For a food blogger, I'm surprised I didn't come to this conclusion earlier. How many times have I sat in front of my blank computer screen, cursor blinking annoyingly as I try and try to come up with a clever way to start a blog post? How often have I stood in front of my empty refrigerator, waiting for inspiration to hit and tell me what fabulous, creative dishes to whip up that week?
Writing and cooking are both extremely passionate, personal experiences that must be endured alone, and yet the final product is meant to be shared. It's a strange juxtaposition, and it leaves you feeling vulnerable as you present your work to the world and say, "I made this. I hope you like it."
For the novice cook or writer, failure is inevitable. A smart person knows this, learns to laugh at the failures (I've had my fair share), and attempts to learn from them. Only a fool thinks that their initial draft or first souffle will turn out perfectly. You have to keep practicing, always go back and edit, and you have to graciously accept constructive feedback. It's pointless to get defensive, chances are you did use too many semi-colons, and your steak was charred on the outside and raw in the middle. Laugh it off, figure out what you did wrong, and try again.

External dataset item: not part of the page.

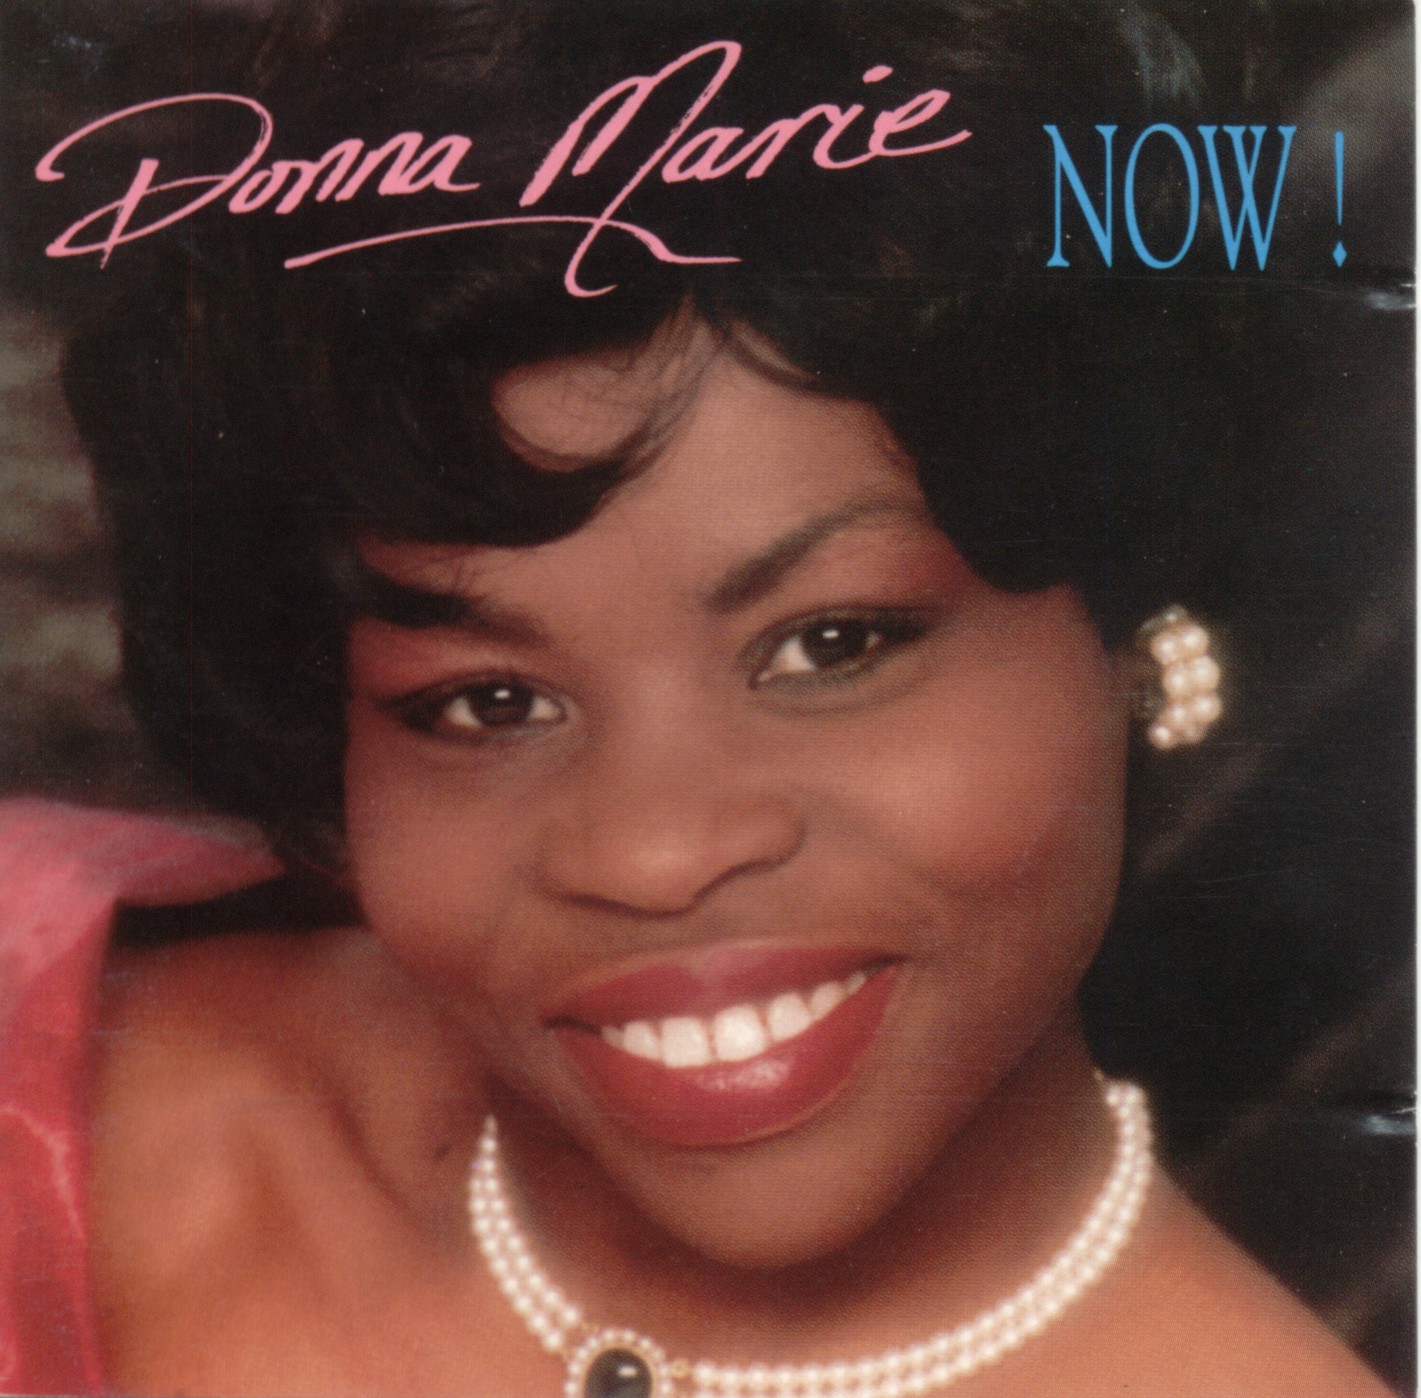 Maria wishes she. Donna Marie. Донна Мари фото. Donna Marie 1987. Donna Marie Smallworth.
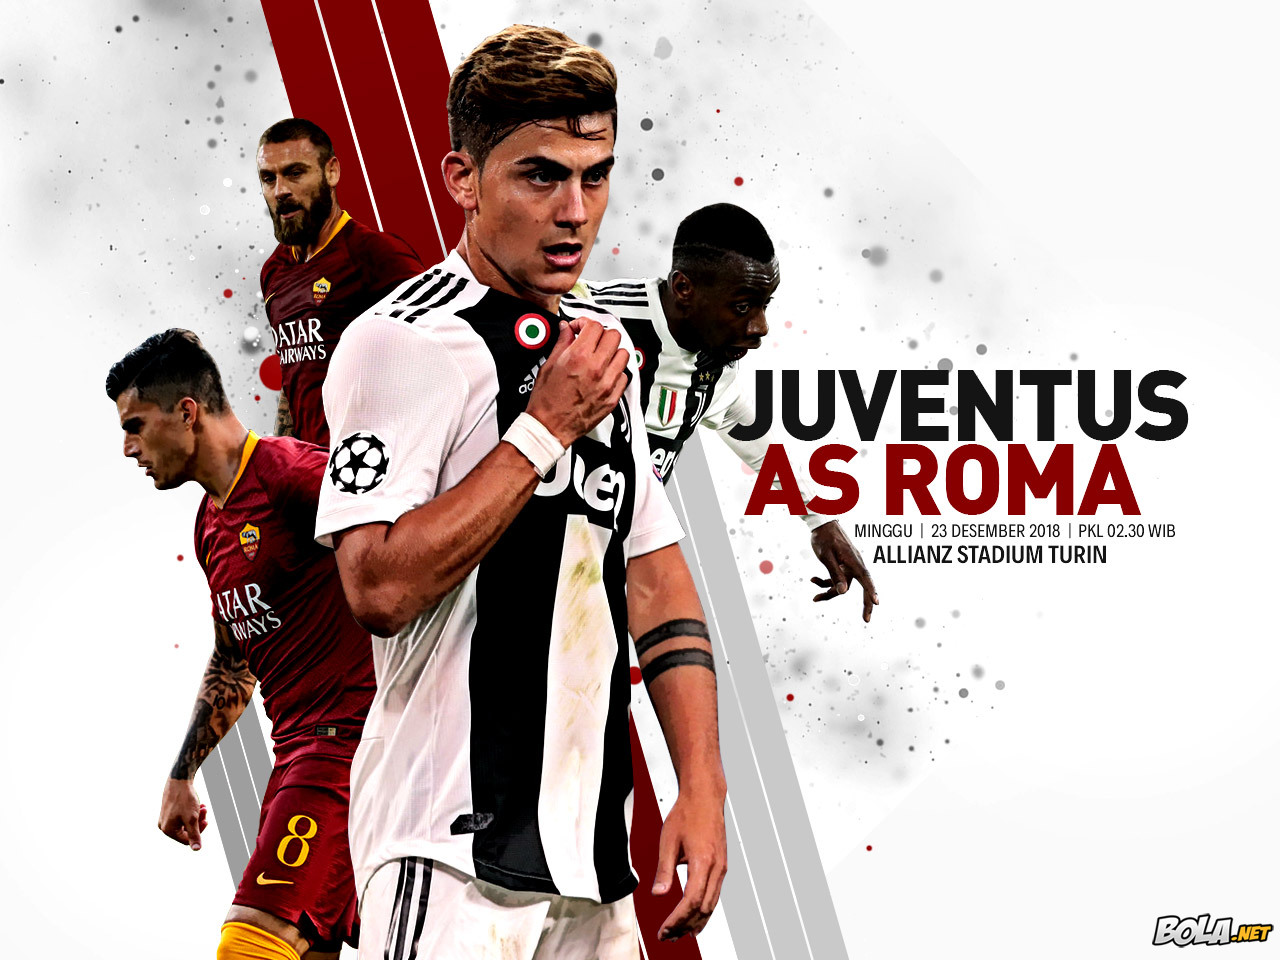 Deskripsi : Wallpaper Juventus Vs As Roma, size: 1280x960

I plan on completing the best manuscript I can personally write, and getting it published. Whether I chose to submit it to publishers or self-publish it as an e-book, I don't know yet. I have time to research my options while I wait for feedback from my volunteer editors.
But now for the part I've been avoiding. It feels like my creative juices have run dry trying to complete my novel, leaving me timid and uninspired in the kitchen. Hopefully this passes quickly, because the last few things I've tried to cook have turned out horribly. I'm getting fed up, and not to mention hungry!
But I will keep getting back onto that horse and trying new things until I get back into my regular cooking groove. Then I will post them here for the whole world to see, and say, "I made this. I hope you like it."